Creamy Tuscan Chicken Pasta (Printable Version)

Juicy chicken, rigatoni, and spinach in a creamy tomato sauce for a comforting, easy weeknight dinner.

# What You'll Need:

→ Chicken Spice Rub

01 - 4 chicken cutlets or 2 chicken breasts, halved
02 - 2 teaspoons garlic powder
03 - 2 teaspoons smoked paprika
04 - 2 teaspoons dried parsley or oregano
05 - 1 ½ teaspoons salt
06 - ½ teaspoon black pepper

→ Pasta & Sauce

07 - 4 tablespoons oil
08 - 2 tablespoons butter
09 - 4 garlic cloves, minced
10 - 2 cups cherry tomatoes, halved
11 - 2 tablespoons tomato paste
12 - 2 cups heavy cream
13 - 2 tablespoons all-purpose flour
14 - ½ cup water (for flour slurry)
15 - 2 teaspoons garlic powder
16 - 2 teaspoons smoked paprika
17 - 1 cup fresh spinach, chopped
18 - 16 oz rigatoni pasta
19 - Salt and pepper, to taste

# Steps to Follow:

01 - In a small bowl, mix all the spice rub ingredients.

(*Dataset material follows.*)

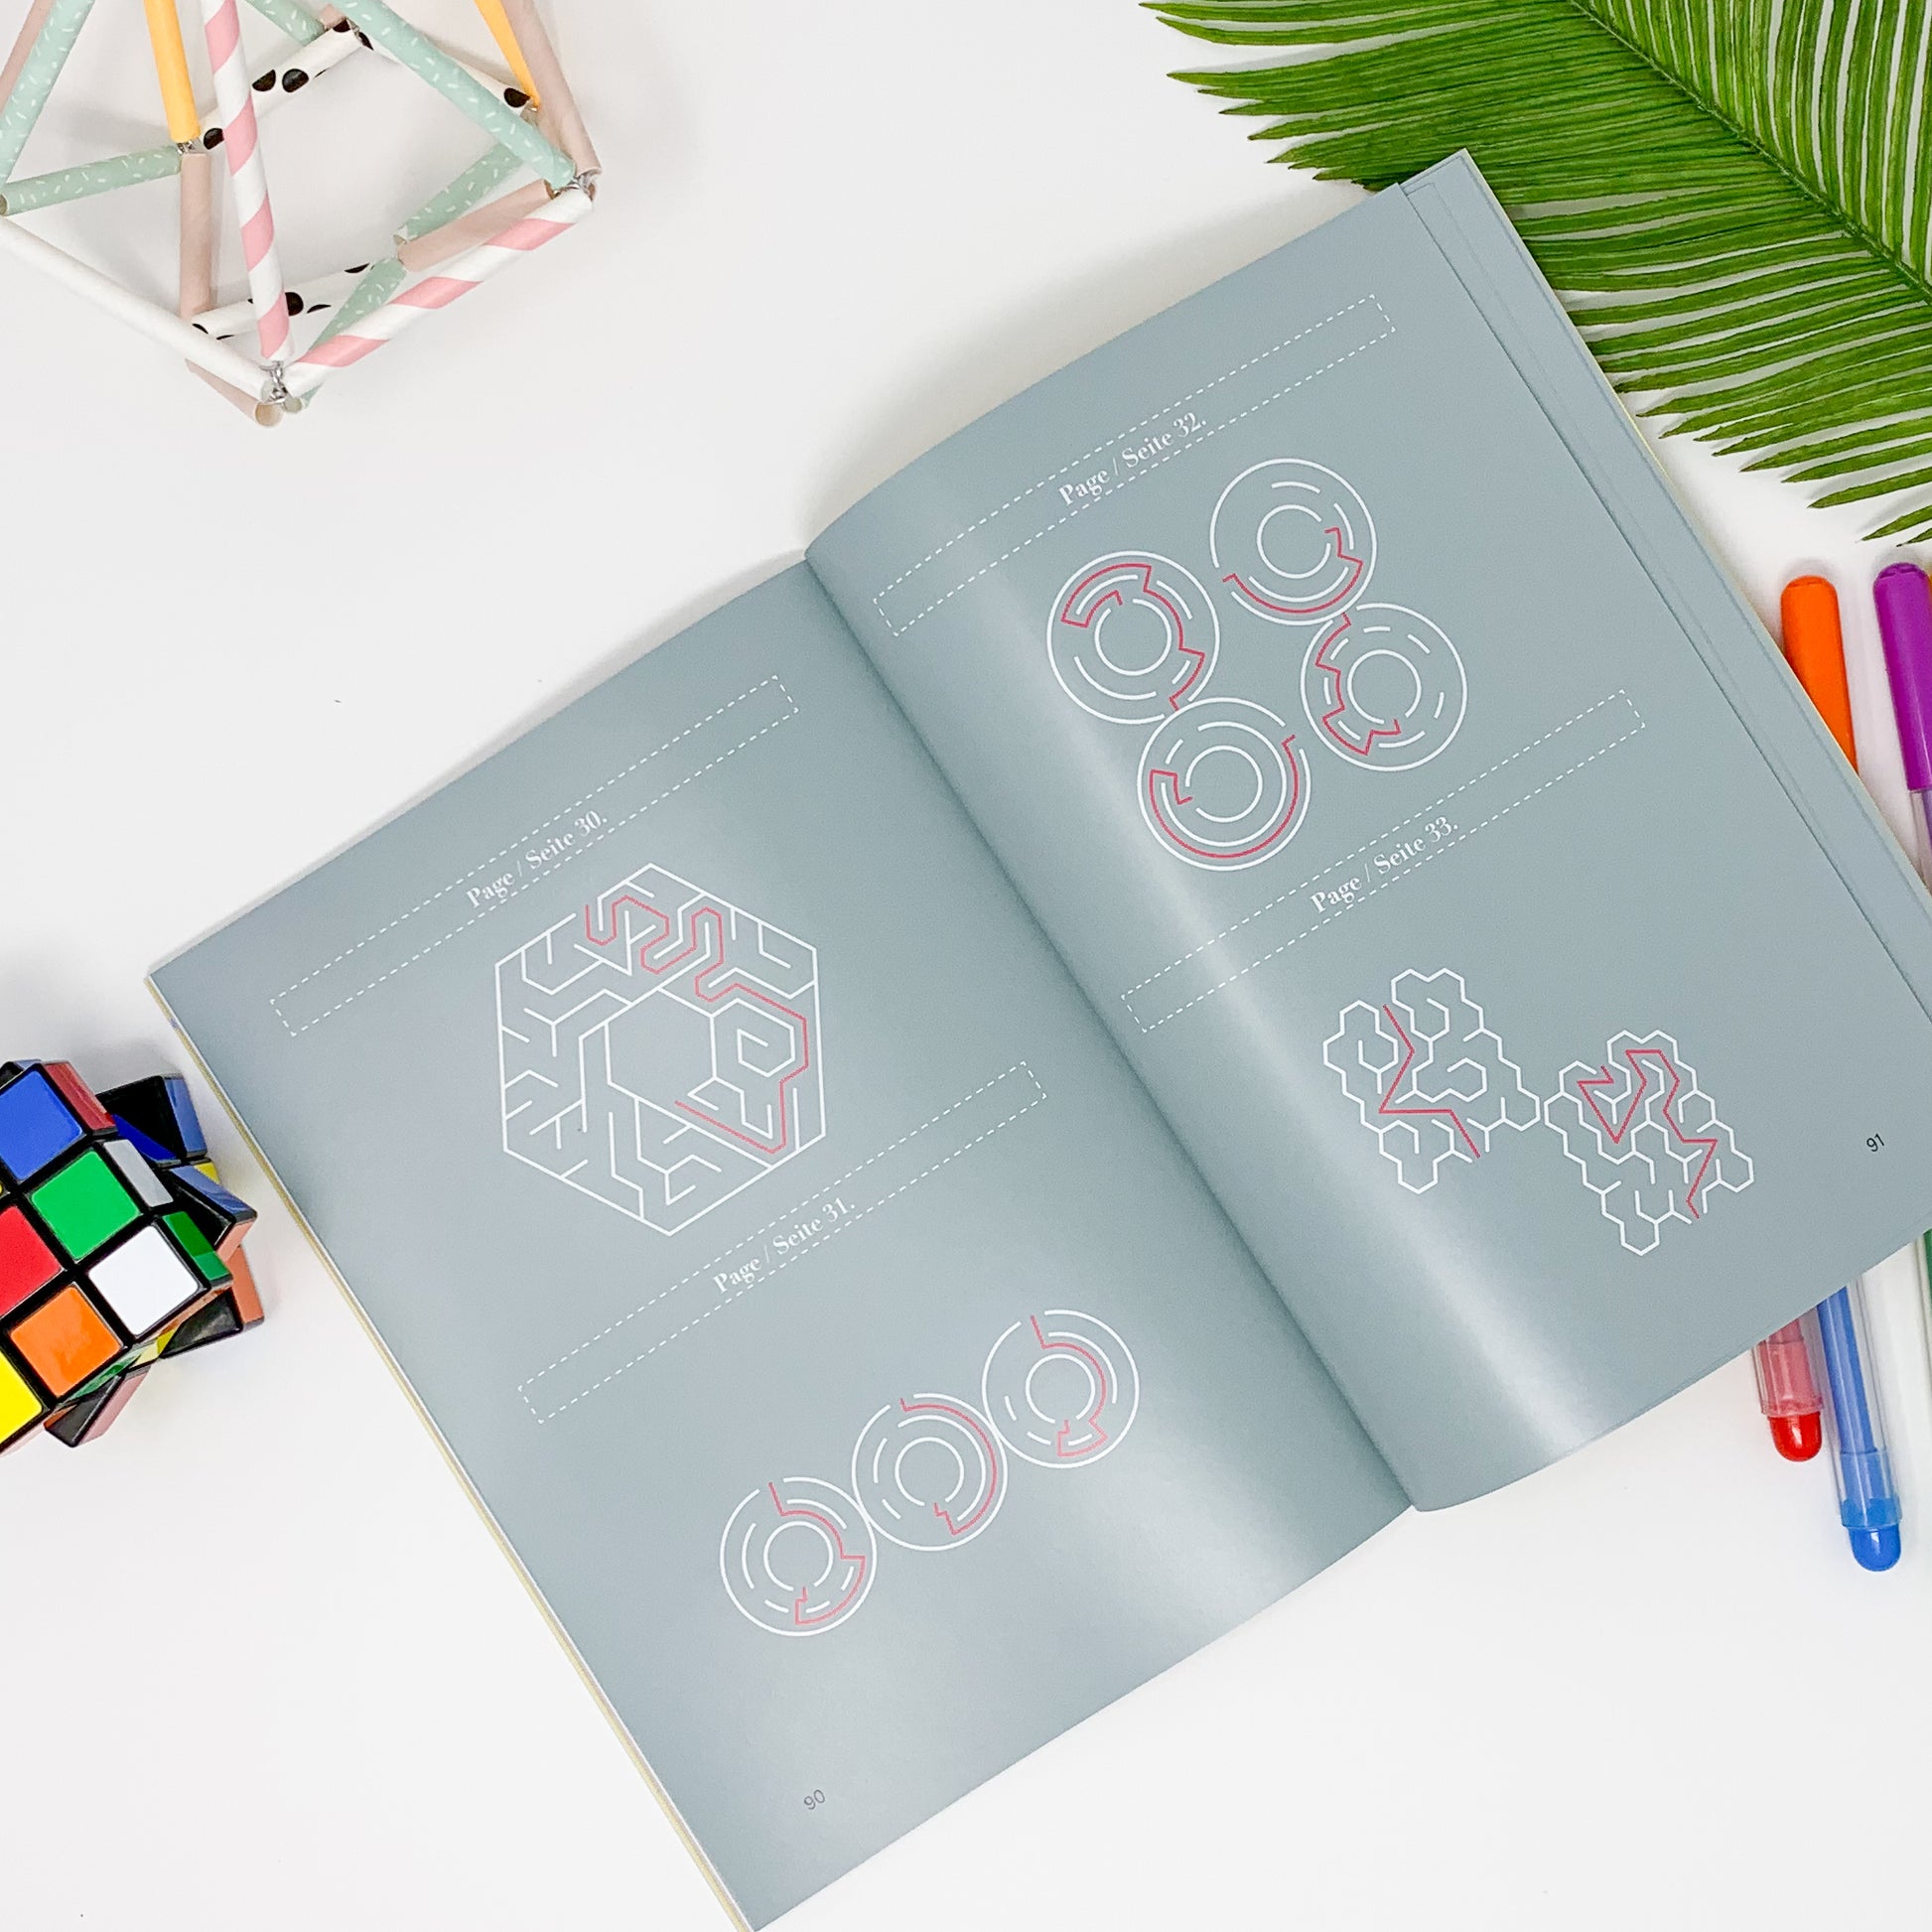 This colourful book offers a variety of multi-coloured entertainment while concentrating on focused attention and complex, planned solution-based thinking.

Coat both sides of the chicken cutlets evenly.
02 - Heat a large skillet over medium heat and add the oil. Sear the chicken for 4-5 minutes per side until golden brown and fully cooked. Remove from the skillet and set aside.
03 - In the same pan, add butter and minced garlic. Sauté for 1 minute, then add cherry tomatoes. Cook for 8-10 minutes, stirring occasionally, until the tomatoes soften and release their juices. Stir in the tomato paste, then pour in the heavy cream. If needed, whisk together the flour and water to make a slurry, remove the pan from heat, and gradually stir it in to prevent clumps.
04 - Let the sauce simmer for 10 minutes until thickened. Meanwhile, cook the rigatoni in salted boiling water until al dente. Drain and rinse briefly under cold water to stop the cooking process.
05 - Stir in the garlic powder, smoked paprika, and chopped spinach. Add the cooked pasta, tossing to coat it in the creamy sauce. Taste and adjust seasoning with salt and pepper.
06 - Slice the cooked chicken and place it on top of the pasta. Serve immediately and enjoy this comforting, creamy dish!